The block read-write set hash value is a MerkleRoot generated from read-write sets of all transaction tasks included in a block, and the block read-write set hash value may also be referred to as a block read-write set hash or RWSetRoot.

Specifically, each follower node in the node cluster receives the proposal message broadcast by the second node, and after the first node as a follower node obtains the state data maintained by the first node, each node may execute the transaction task in the proposal message based on the obtained state data (in parallel or series), to obtain corresponding result information for executing each transaction task. That is, in the present disclosure, a manner in which a node executes a transaction task includes parallel execution and serial execution.

Operation: Obtain, when the result information obtained after executing the transaction task is inconsistent with the result information indicated by the proposal message, read set information that corresponds to the block identifier in the proposal message from a snapshot of another node in the blockchain system, the another node being a node in the blockchain system other than the first node.

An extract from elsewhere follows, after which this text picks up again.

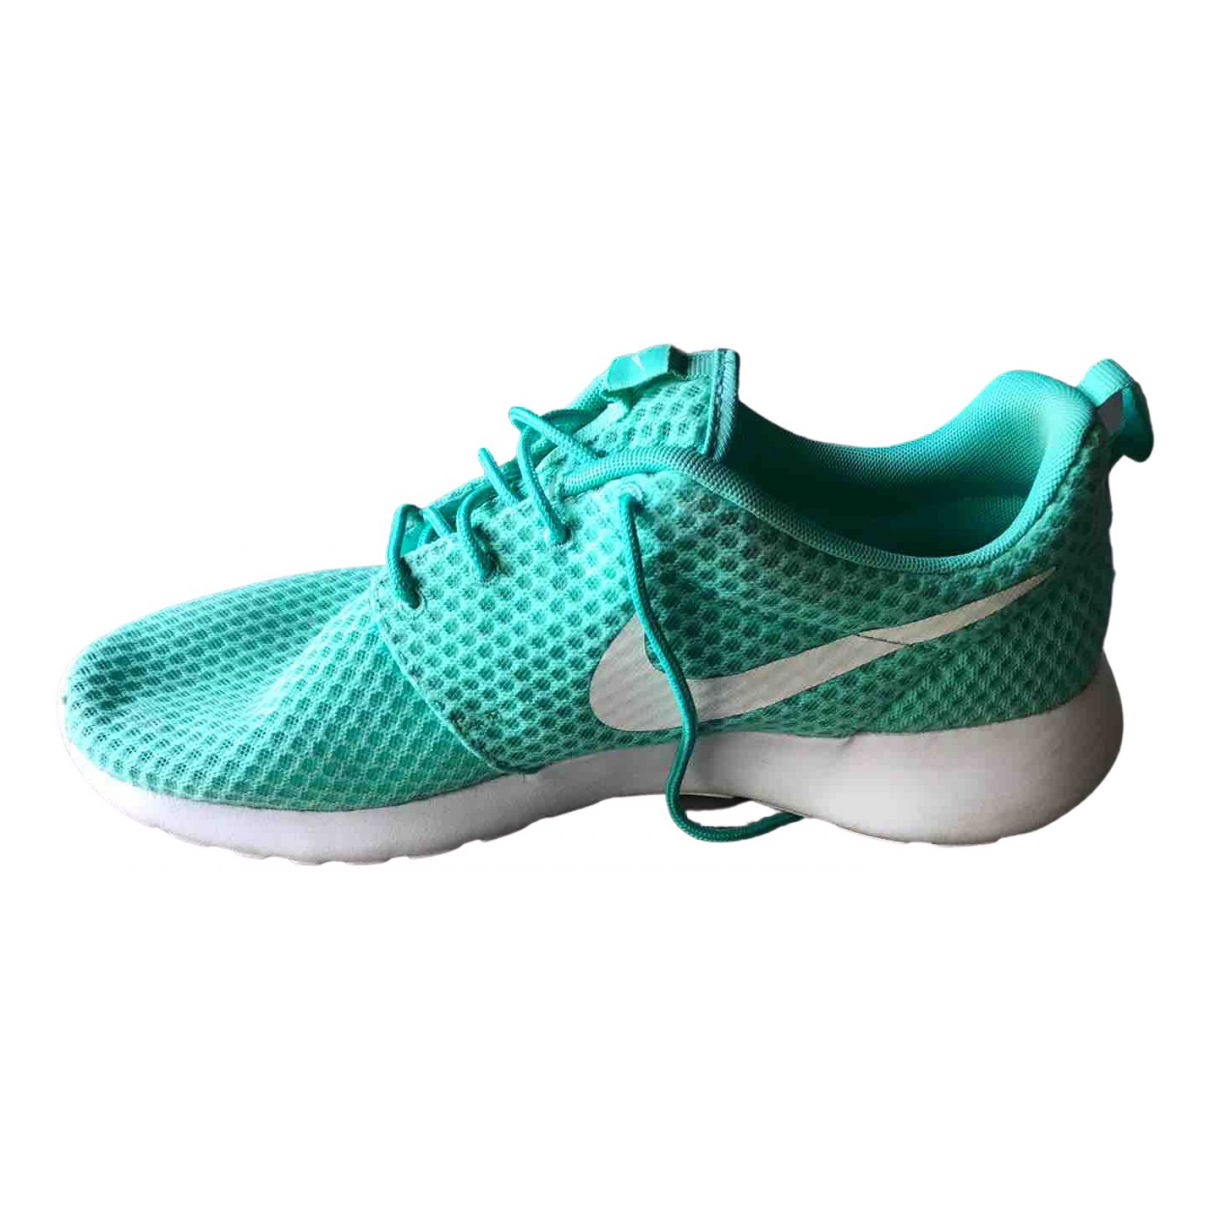 Nike Roshe Run Green Trainers for Men 45 EU

The result information indicated by the proposal message is information obtained after the leader node executes each transaction task in the proposal message. For example, in the present disclosure, the result information indicated by the proposal message may include an execution result and a read-write set.

The another node refers to a node other than the current follower node (itself) in the node cluster. For example, under the BFT-type consensus-based blockchain bottom-layer model, it is assumed that a blockchain system includes three nodes, which are respectively a node 1, a node 2, and a node 3, a leader node at a current moment is the node 2, and the node 1 and the node 3 are both follower nodes. For the node 1, the node 2 and the node 3 are both other nodes.

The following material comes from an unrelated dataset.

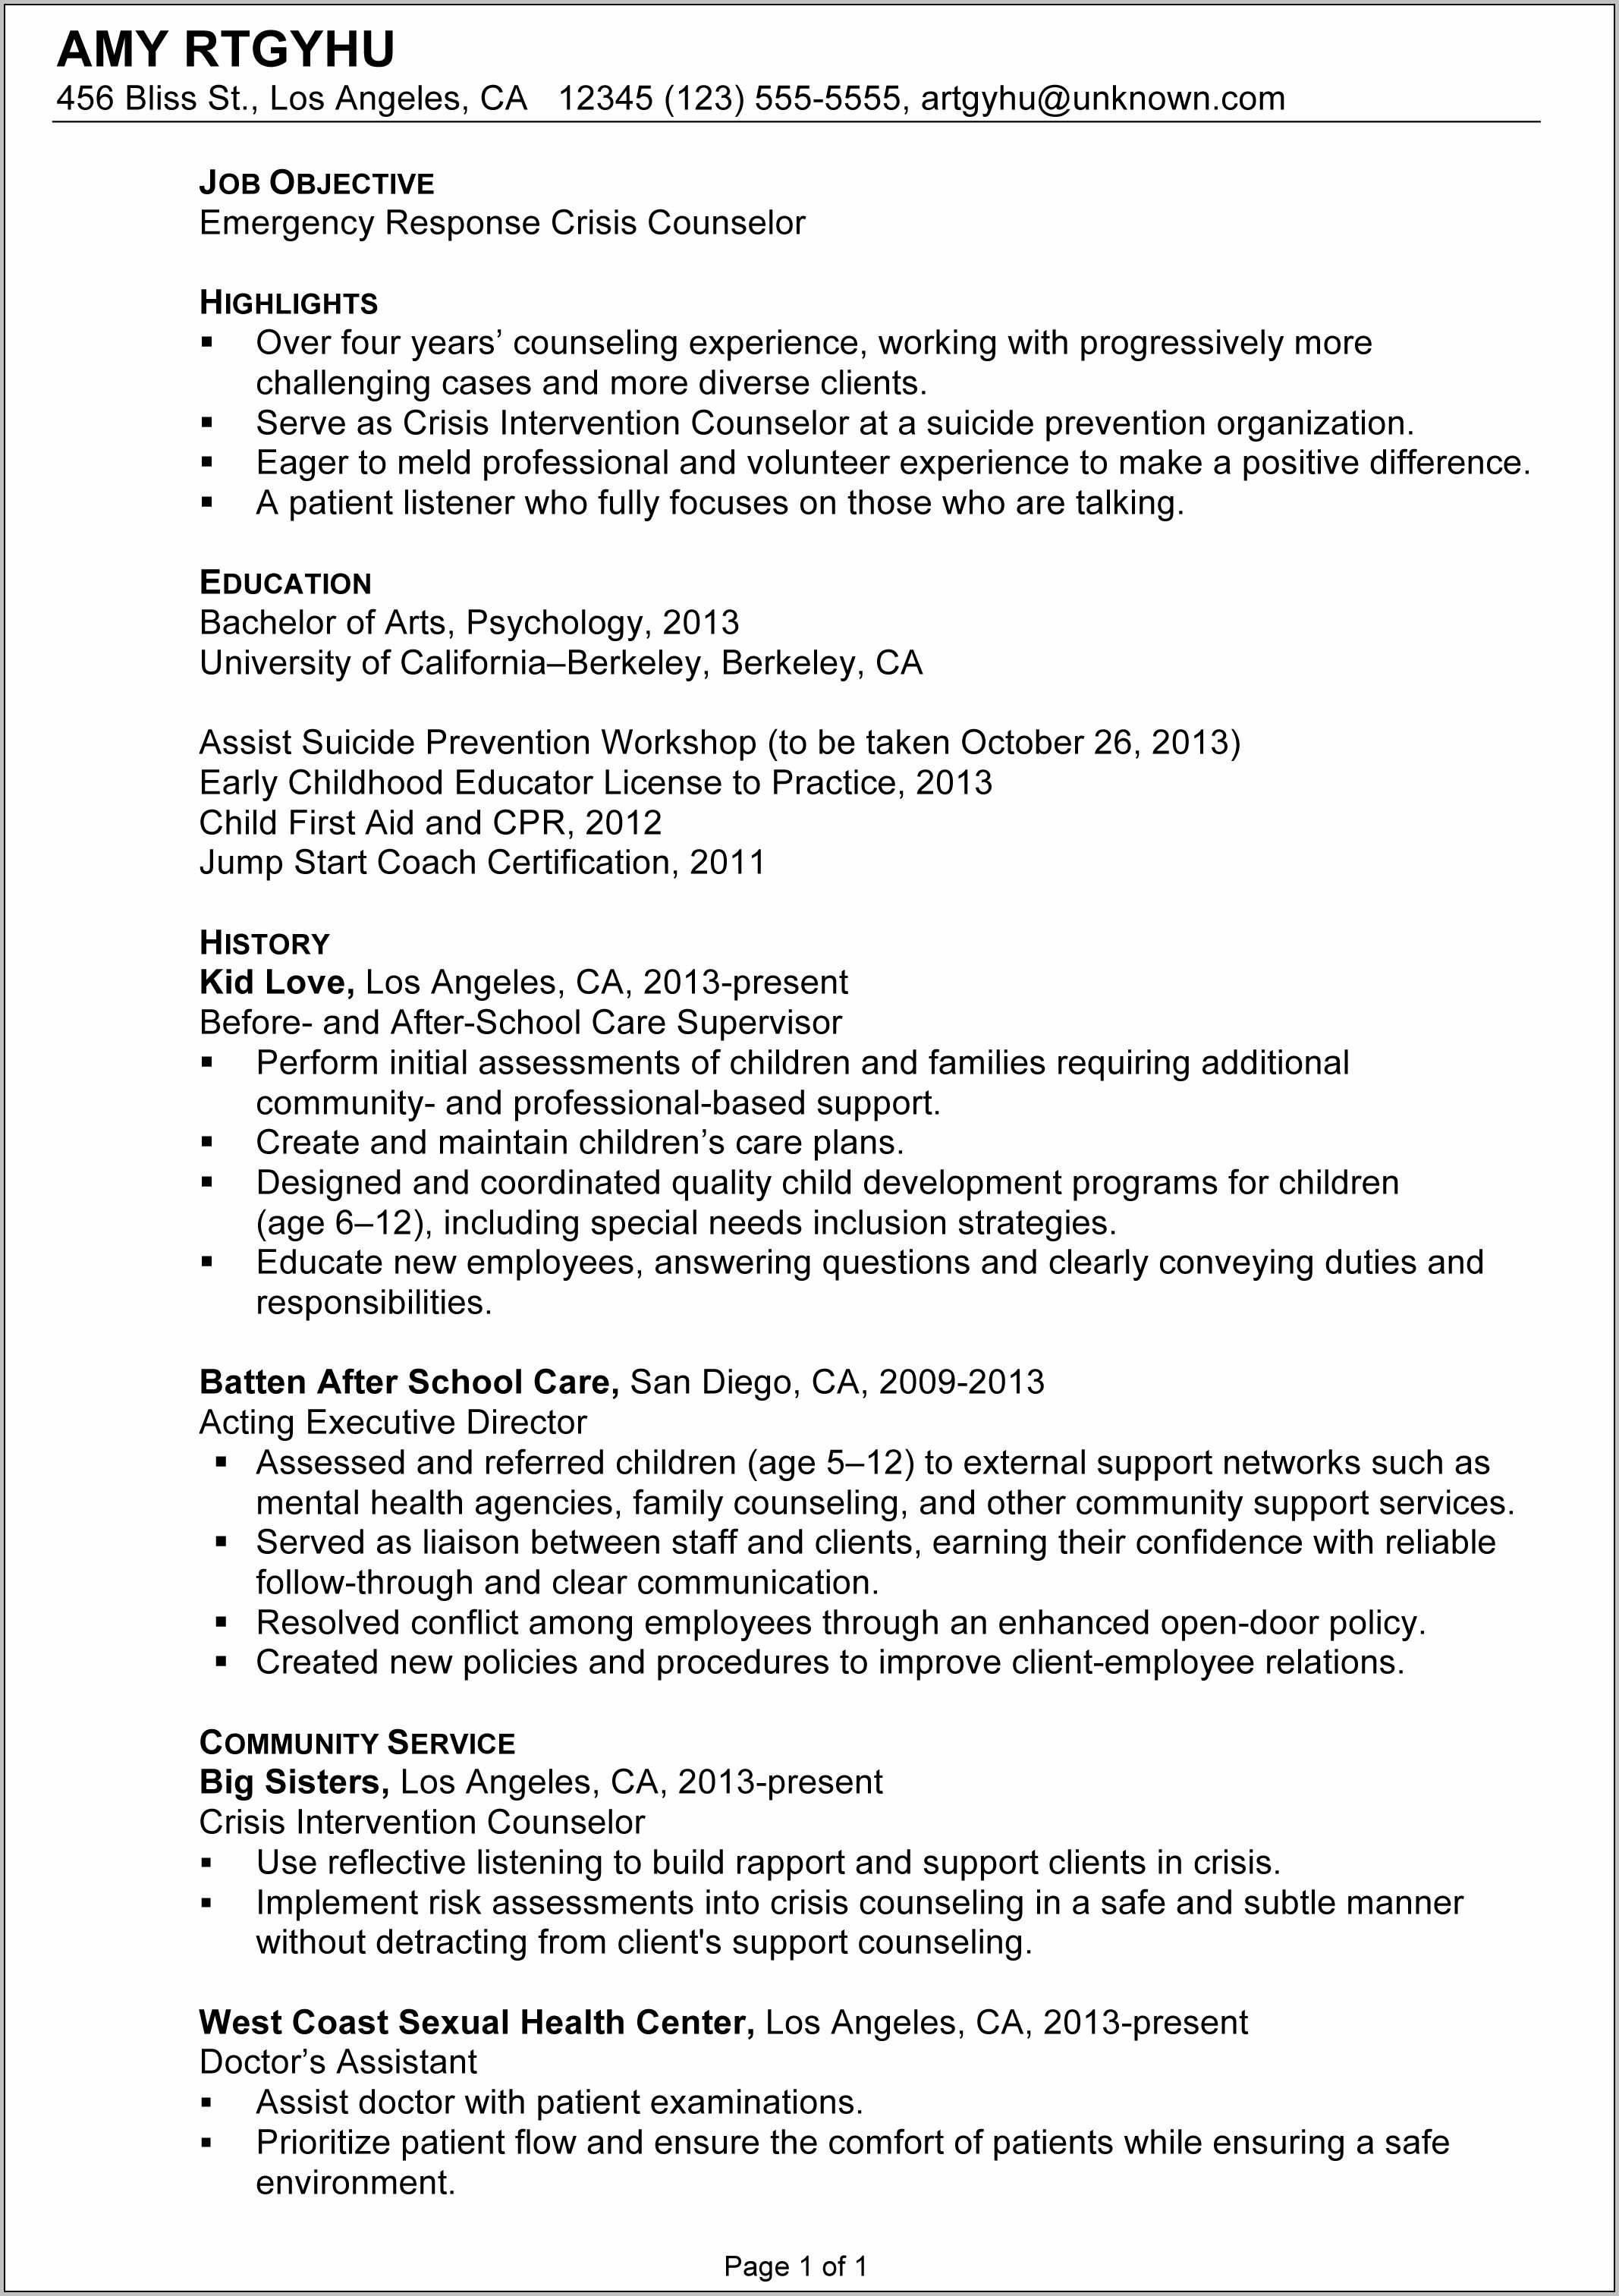 Sample Employee Handbook For Child Care Center

The snapshot refers to a data structure, and is configured for storing data read from the database by the node when the node executes a transaction task. For example, read set information corresponding to a block identifier may be read from the snapshot.

The read set information refers to data read from a database by a node when the node executes a transaction task. For example, the read set information in the present disclosure may include key-value information.

Further, after each node executes the transaction task in the proposal message based on the obtained state data (in parallel or series), to obtain the result information corresponding to executing each transaction task, each node may compare the obtained result information corresponding to each transaction task with the result information corresponding to each transaction task indicated by the proposal message, to obtain a corresponding comparison result.

Alternatively, in some cases, if the proposal message does not carry the result information corresponding to each transaction task, but carries the block read-write set hash value, after each node obtains the result information corresponding to executing each transaction task, each node may calculate the block read-write set hash value based on the obtained result information corresponding to each transaction task, compare the block read-write set hash value calculated by each node with the block read-write set hash value indicated by the proposal message, and may obtain a corresponding comparison result.

For example, under the BFT-type consensus-based blockchain bottom-layer model, when a first node (node 2) as a follower node in a node cluster receives a proposal message A broadcast by a second node (node 1) as a leader node, the first node may obtain state data from a local state database (StateDB) maintained by the first node, and execute each transaction task in the proposal message based on the state data (in parallel or in series), to obtain an execution result and a read-write set that correspond to each transaction task.